Source material
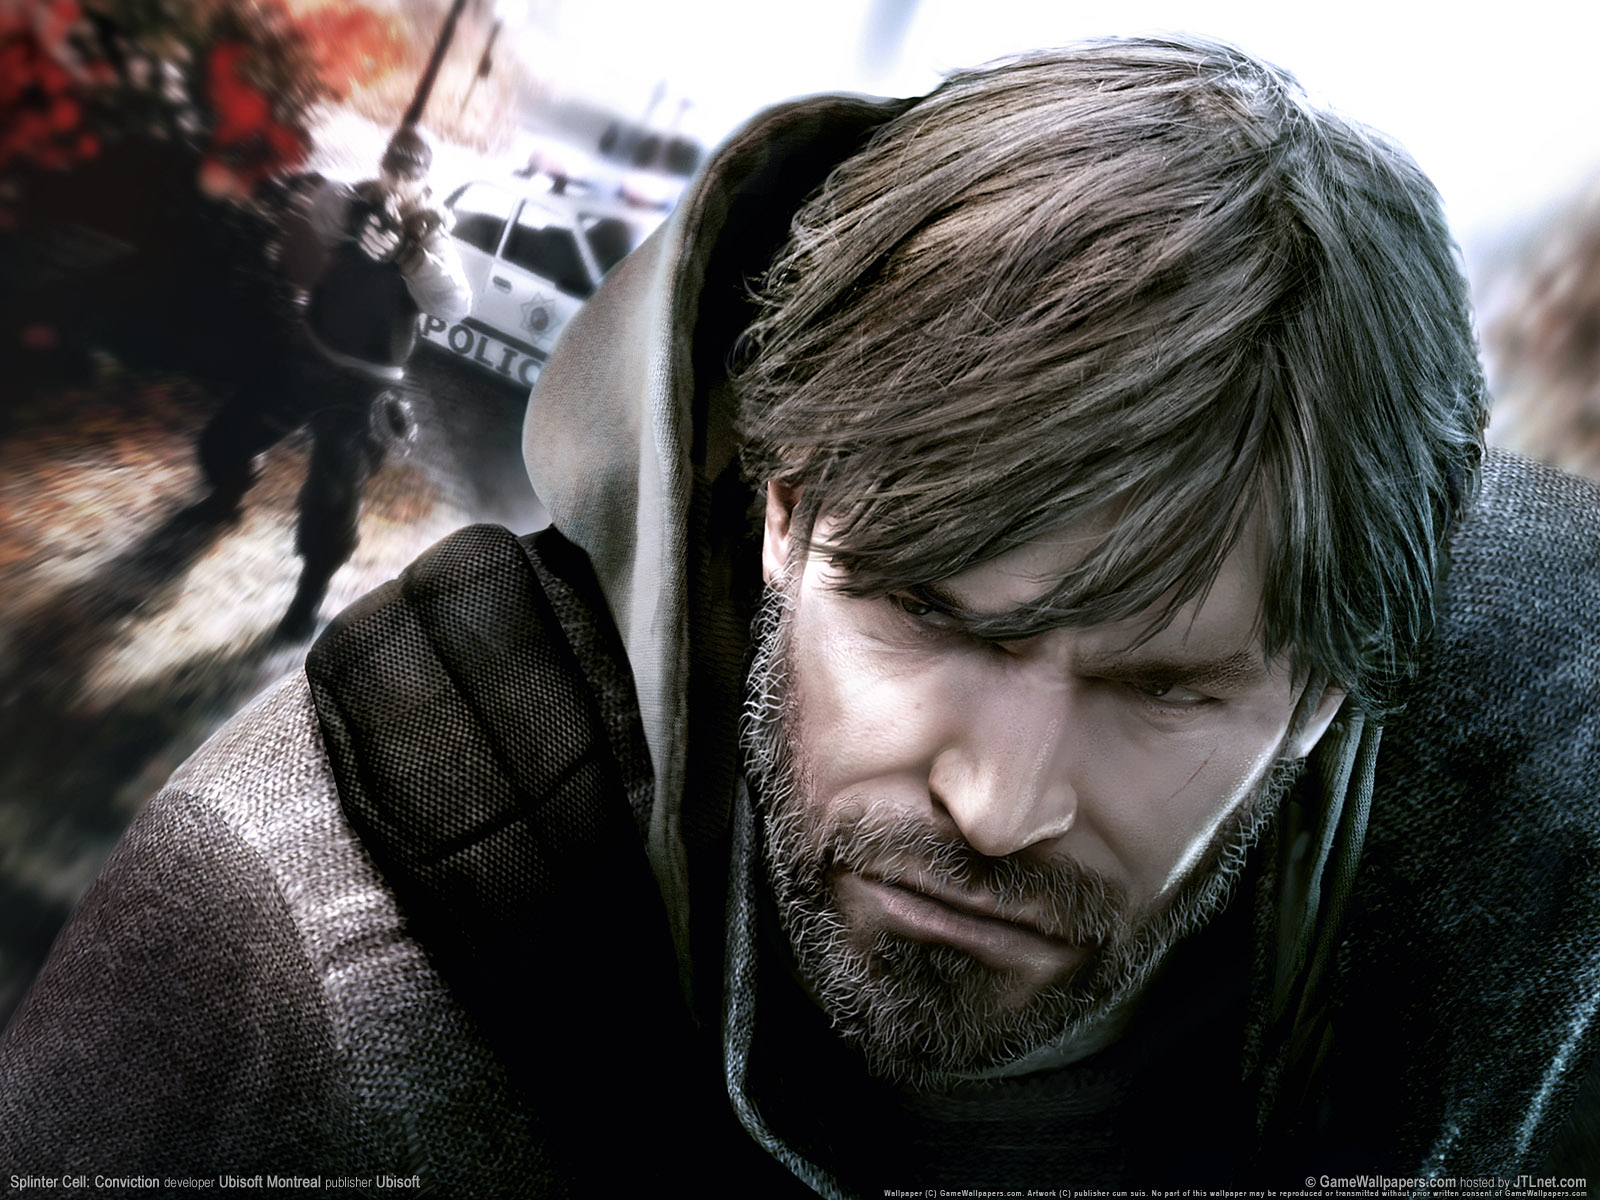 dos jogos Tom Clancy's Splinter Cell, Tom Clancy's Splinter Cell
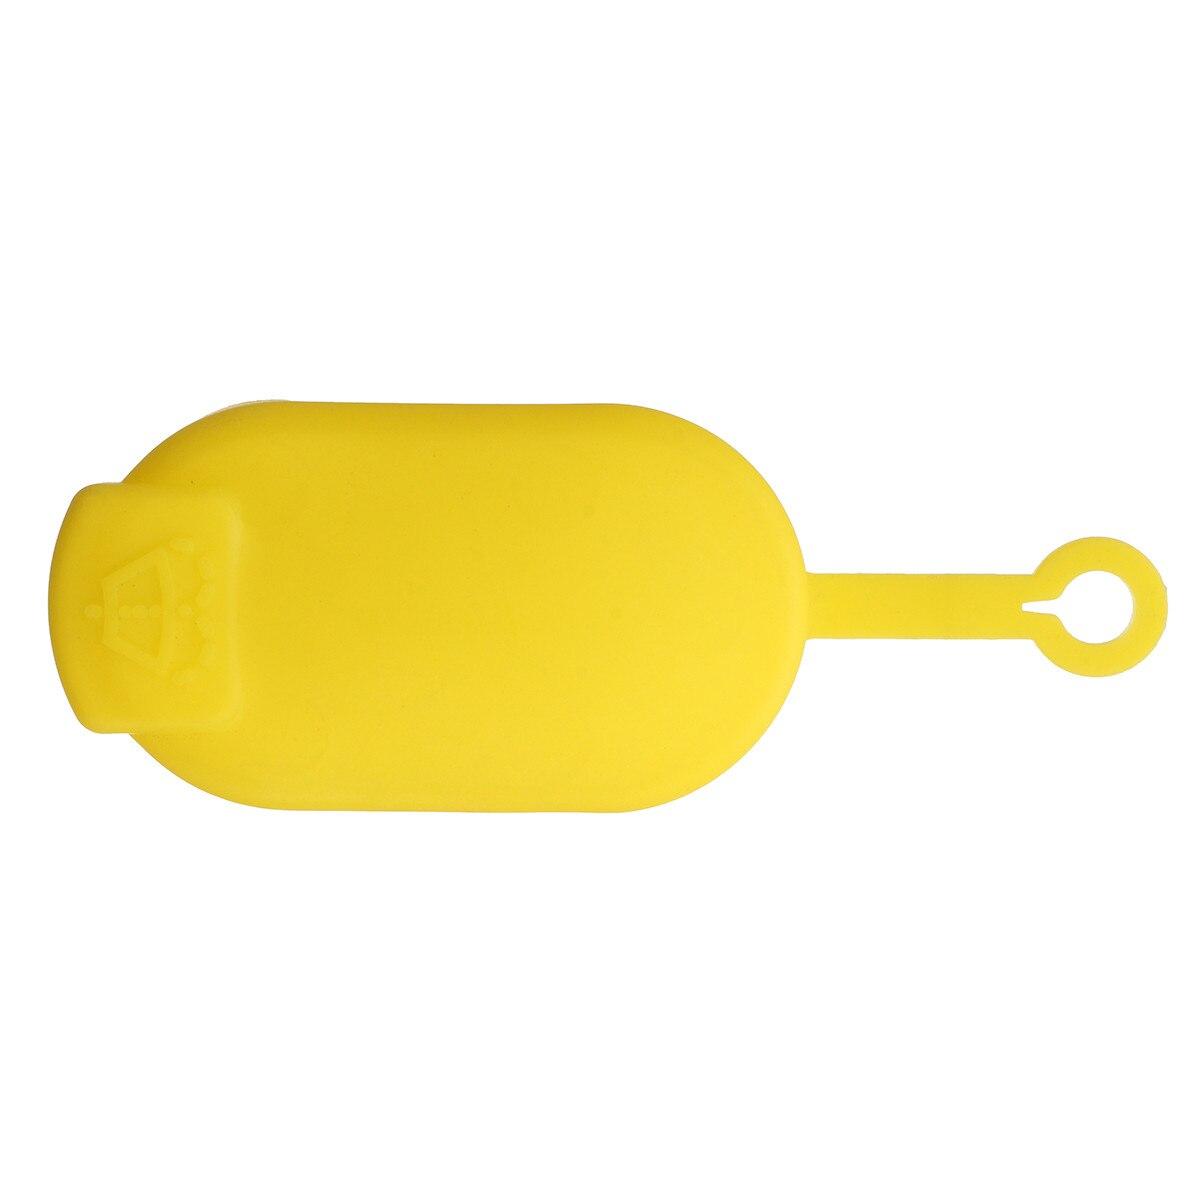 Car Washer Bottle Cap For Renault Clio Lagnua Megane Scenic Espace Kangoo 7700411279
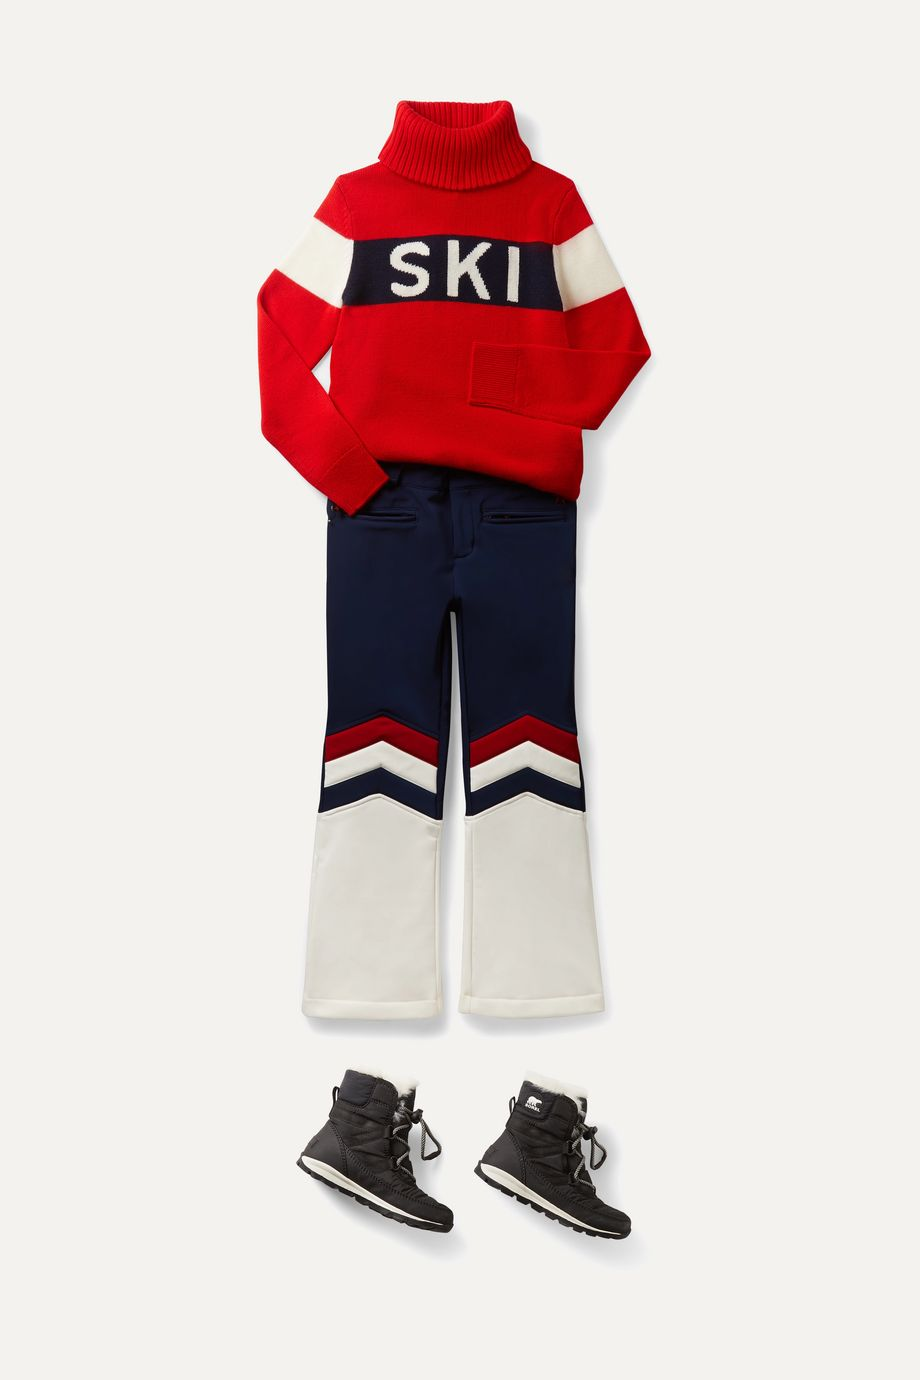 Perfect Moment Kids Ages 6 - 12 Aurora flared ski pants
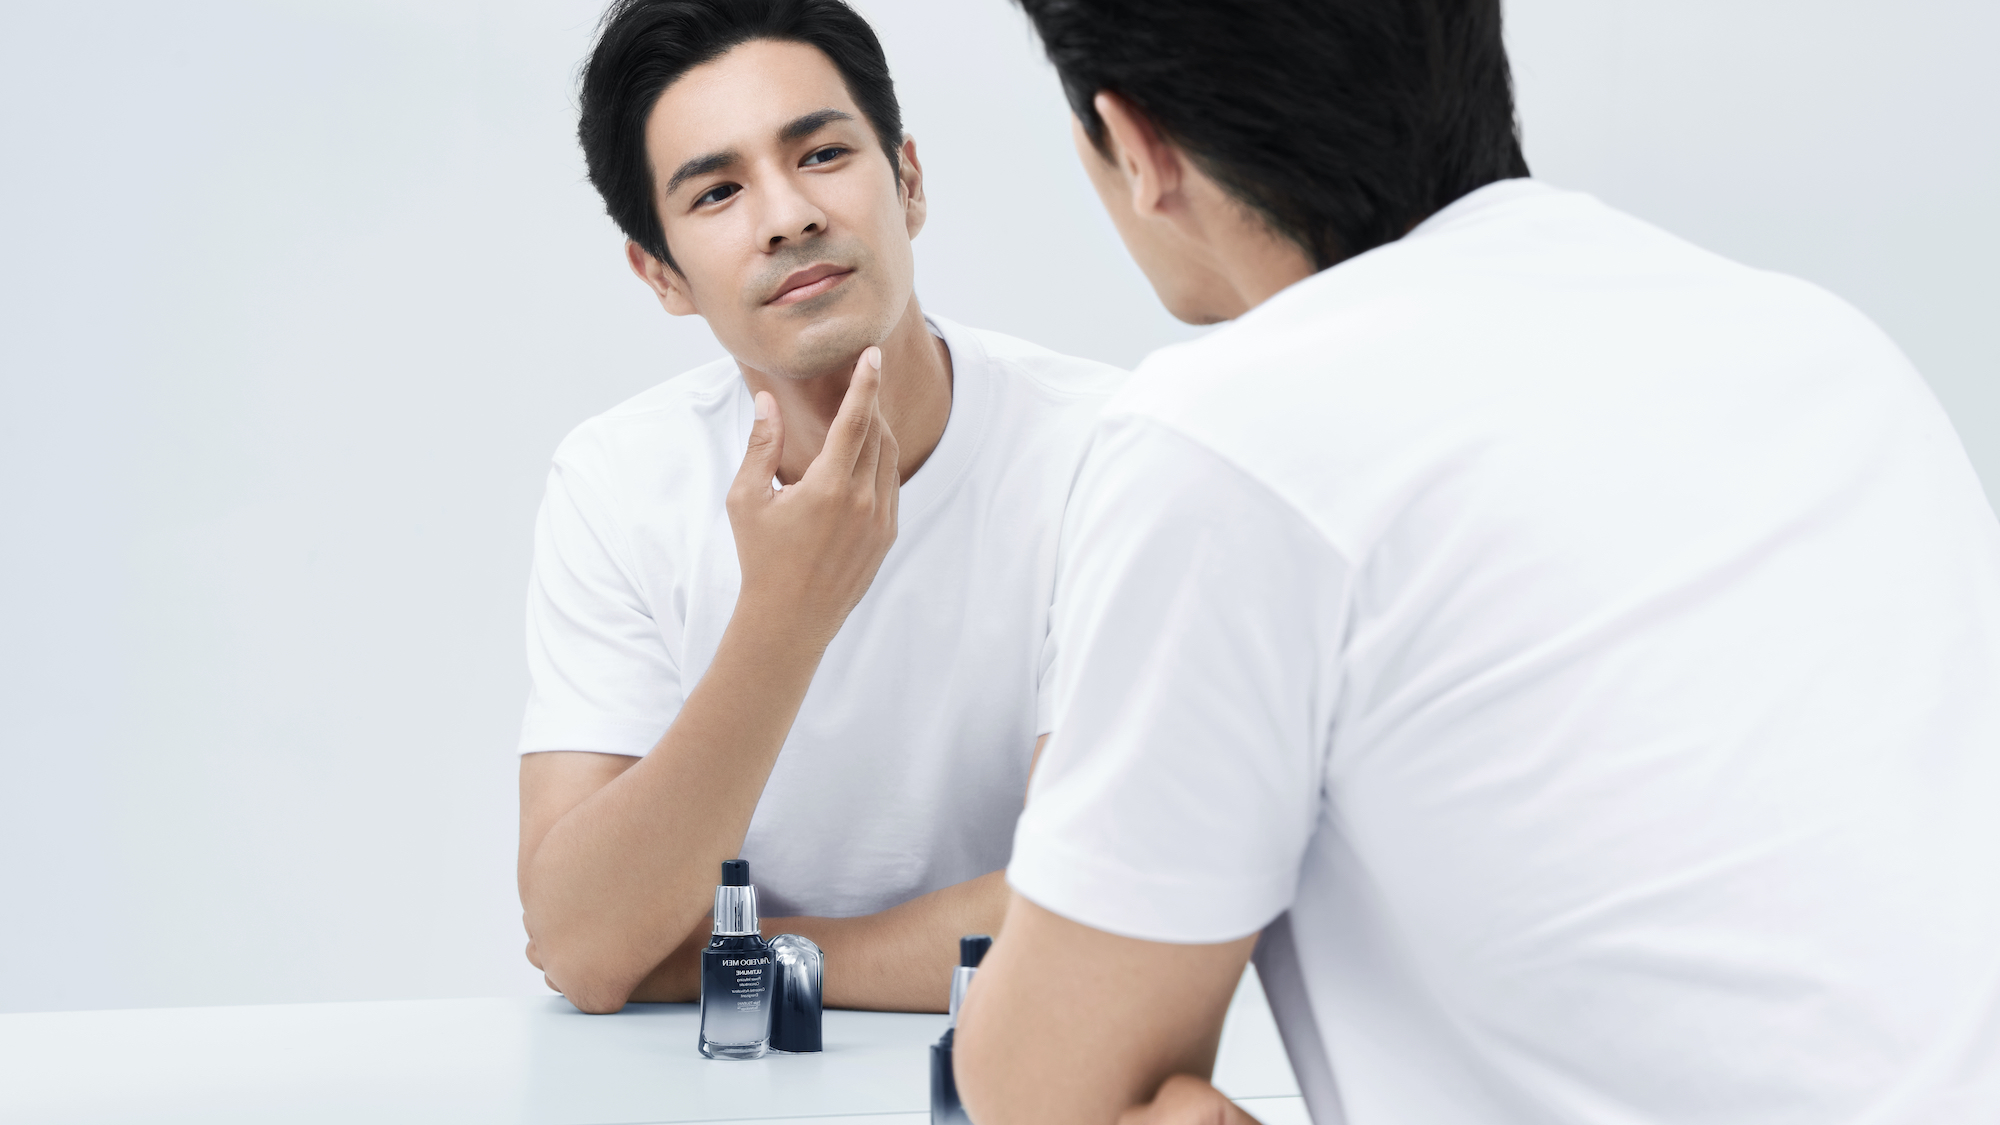 Shiseido prodotti cura viso uomo
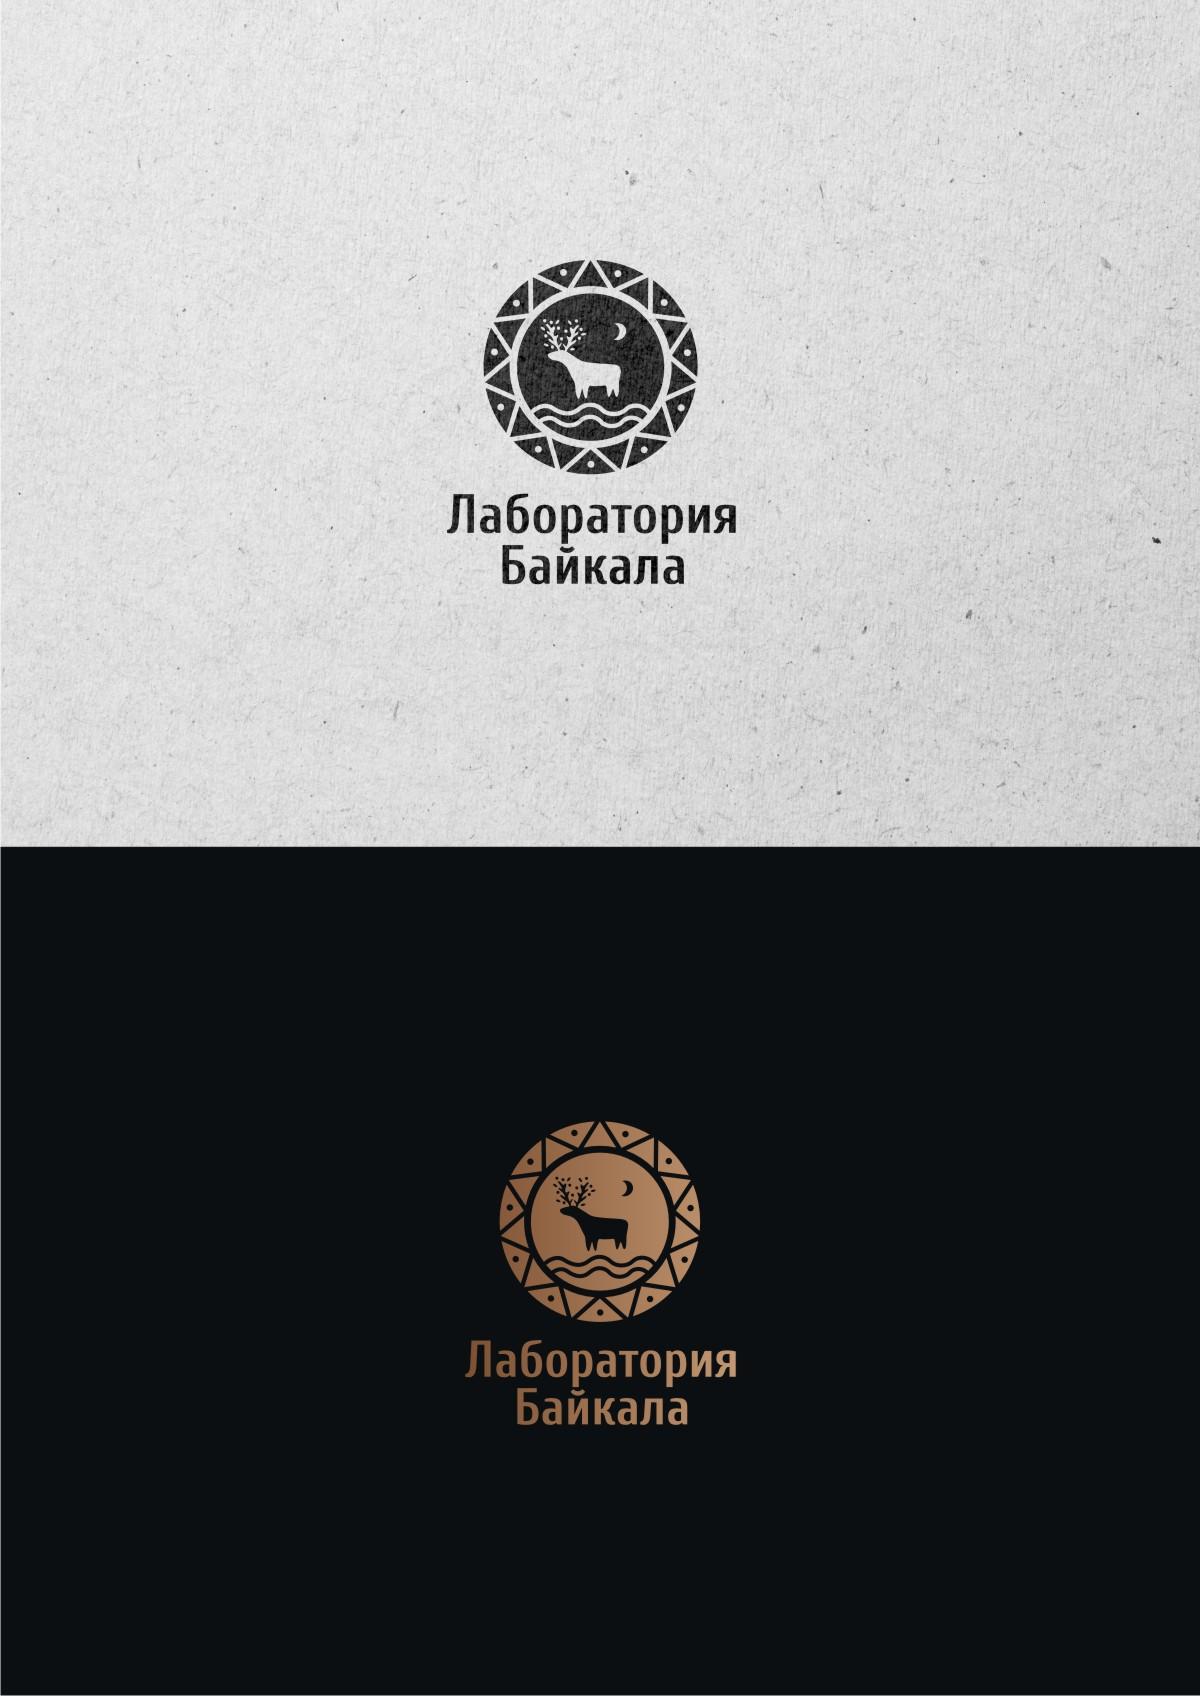 Разработка логотипа торговой марки фото f_031596b0a00750ae.jpg

What to do
Please output the lines from the line that contains "Shiseido prodotti cura viso uomo" through the end of the records, both ends included, exactly and with no pictures.

Written reply
 Shiseido prodotti cura viso uomo
 Разработка логотипа торговой марки фото f_031596b0a00750ae.jpg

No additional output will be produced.